And below is an extract from the speech. (Note in particular the interesting reference to 'smart contracts on blockchain' and associated commentary in paragraphs 1.13 and 1.14.):

*The challenge for revenue authorities*

1.8 For revenue authorities, such as the ATO, emerging technologies and platforms present a two-pronged challenge. The first is, of course, to ensure that tax and superannuation obligations are met and workers are appropriately classified and treated for tax purposes. The second is to discharge these obligations in a manner which does not hamper innovation.

1.9 These challenges are highlighted by some of the more recent experiences of the ATO and other regulatory bodies. Let's take the case of Uber. On the one hand, we had taxi drivers who have complained that (at the time) the ATO was not actively enforcing GST obligations on Uber driversleading to an uneven playing field.

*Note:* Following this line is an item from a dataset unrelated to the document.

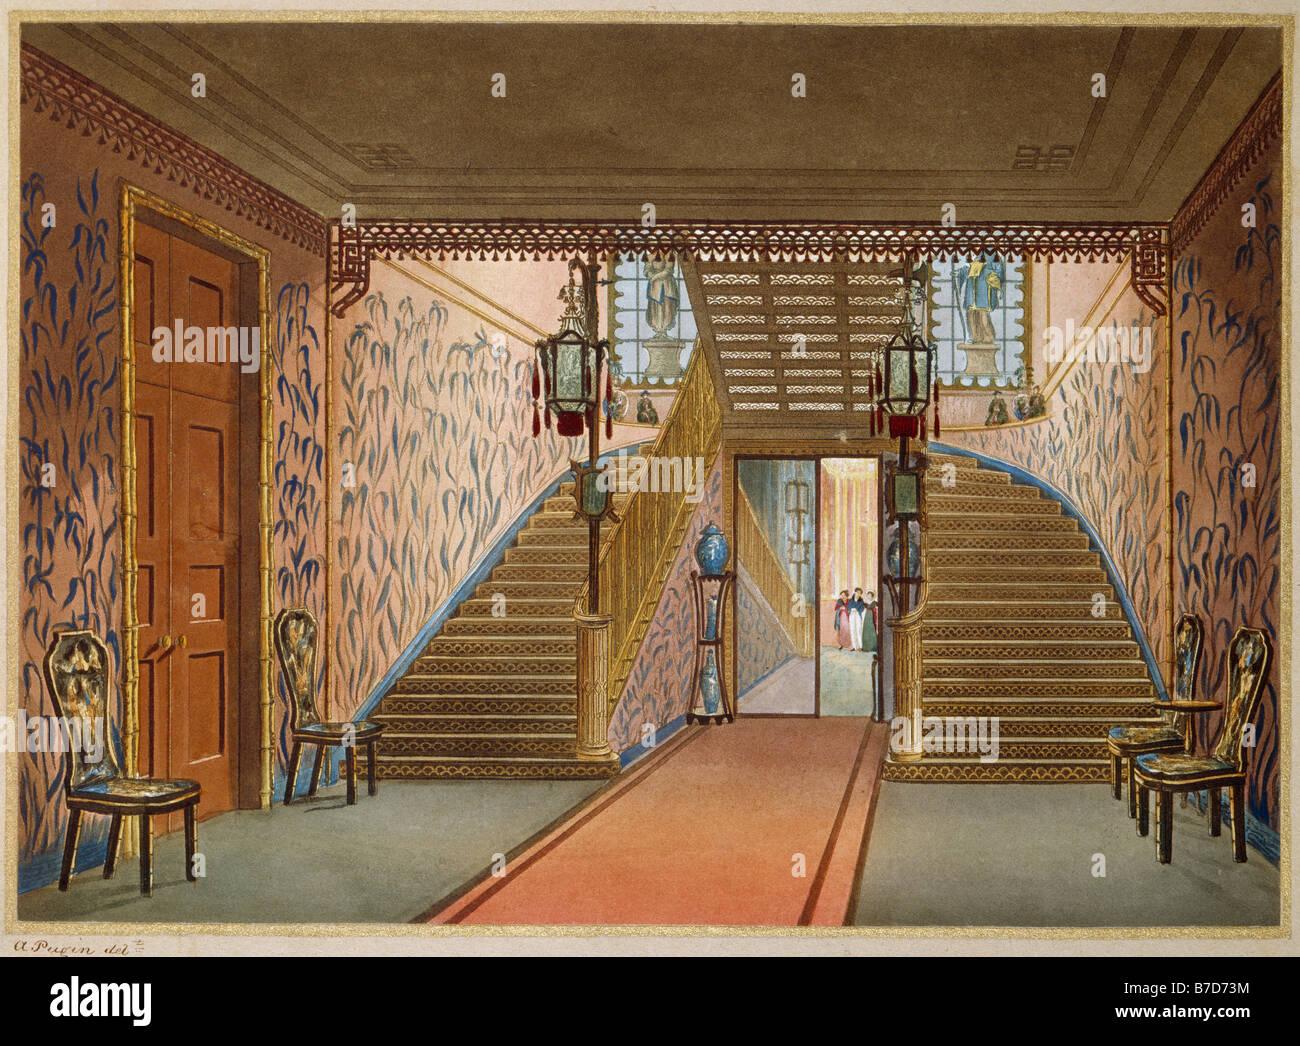 Royal Pavilion Brighton Staircase Nash & Pugin - Stock Image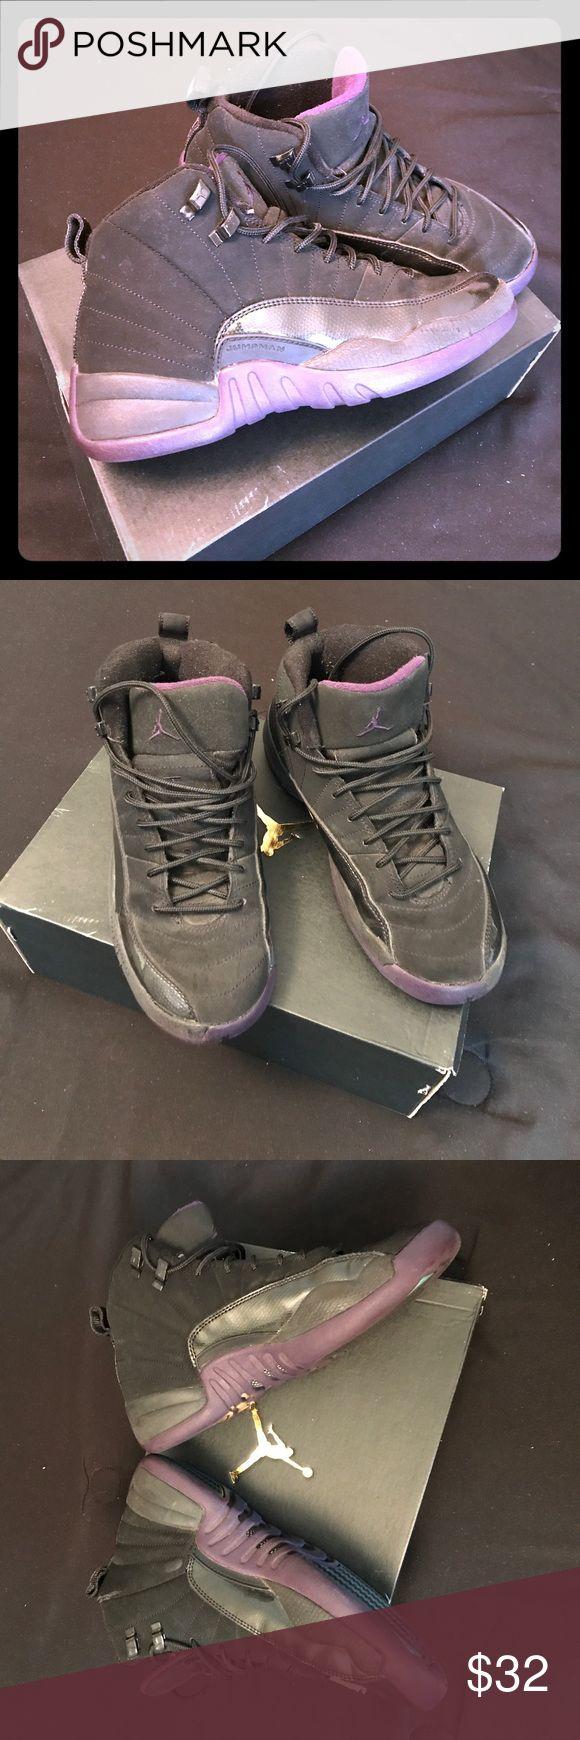 JORDANS Black History Month JORDANS. Black suede with Purple. Good condition. Dusty but lots of wear left Air Jordan Shoes Sneakers

On the other hand, Uber drivers argued that it was unfair and unjust that they should be registered for GST as many worked part time and earned less than the requisite $75,000 threshold applicable to other small businesses.

1.10 Of course, the question of whether Uber drivers are taxi drivers and therefore needed to be registered for GST was settled by the Federal Court.[5] However, some challenges were evident. Firstly, while the ATO issued its initial directive for Uber drivers to register for Australian Business Numbers (ABN) and to charge and pay GST, the position was not officially settled until February 2017. In the intervening period, many drivers registered and charged GST while others chose not to do so despite the ATO messaging.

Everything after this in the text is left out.